It’s stupidly easy to make up stuff on AITA and get upvotes/comments. I made up one just for fun and was surprised at how popular it got. Well, now not so much, but back when I did.
If you know the audience and what gets them upset, you’ve got easy karma farming.
Two weeks ago someone on one of those story subs, I think it was amioverreacting, was milking off karma making updates. They made 5 posts about the whole thing and even started to sell merch to profit in real life until they took the last post down.
It's like reality TV & soap operas in text form. You can somewhat easily spot the AI posts though, which are plentiful now. They all tend to have the same "professional" writing style and a high tendency to add mid sentence "quotes" and em dashes (—) which you need a numpad combo to actually write out manually - a casual write-up would just use the - symbols, if at all.
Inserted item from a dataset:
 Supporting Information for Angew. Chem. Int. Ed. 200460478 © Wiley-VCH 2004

LLMs also make a lot of logic errors that may pop up. Example from one of the currently highly upvoted posts:
He pulled out what looked like a box from a special jewelry store. My heart raced with excitement as I assumed it was a lovely bracelet or a special memento for our wedding day. But when he opened the box, I was absolutely stunned. Inside was a key to a house he supposedly bought for us. I was taken aback because I had no idea he was even looking for real estate. My first reaction was one of shock and confusion, as I thought it was a huge decision that we should have discussed together.
As I processed the moment, I realized the house wasn’t just any house—it was a fixer-upper on the outskirts of town. Now, I get that it can be a great investment, but this particular house needed a ton of work. I’m talking major renovations and repairs, and I honestly had no desire to live there.
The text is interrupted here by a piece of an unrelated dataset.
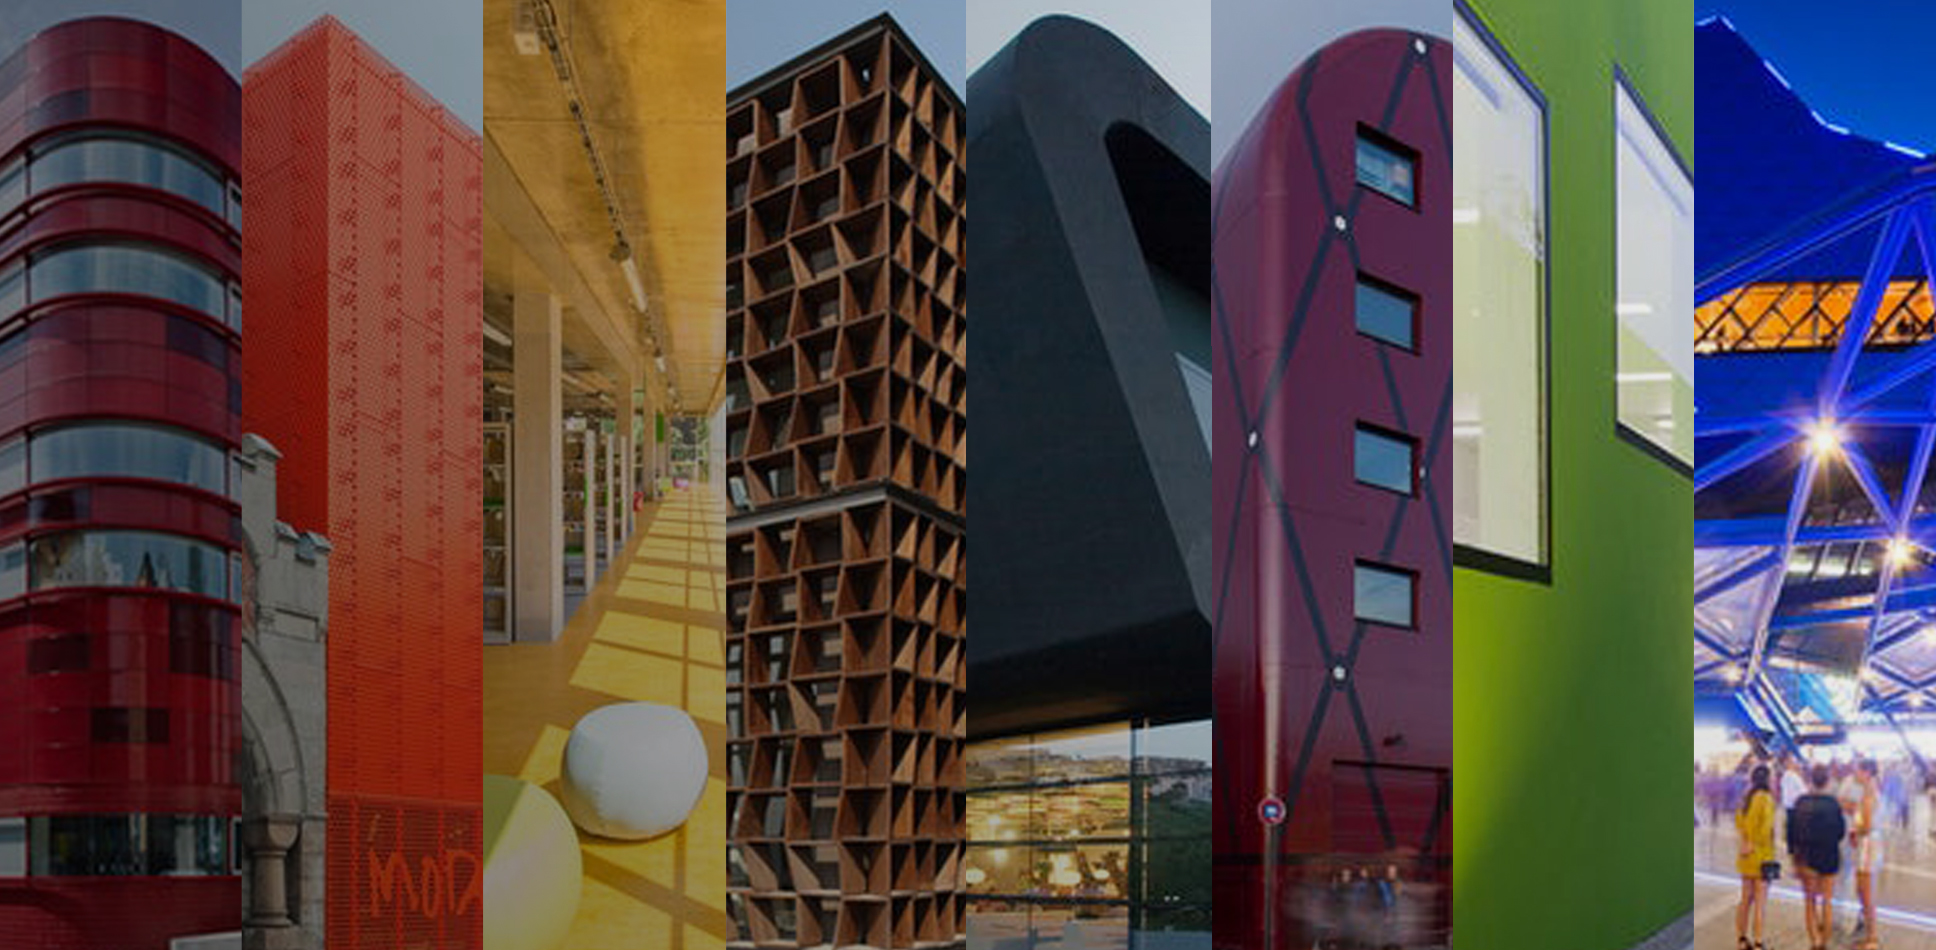 The Color of Architecture: 72 Projects Spanning the Spectrum

Aside from the weird writing (Oh jolly! Expensive gifts! How exciting!), this lady somehow realized & identified this house, location and its state just by looking at some random key in that moment. Bonus frustration if you read through the comments who eat all of this shit up, assuming they aren't also bots.
Now that you mention it, I might be the only non-AI using em dashes on the internet (I have a program that joins two hyphens into an em dash).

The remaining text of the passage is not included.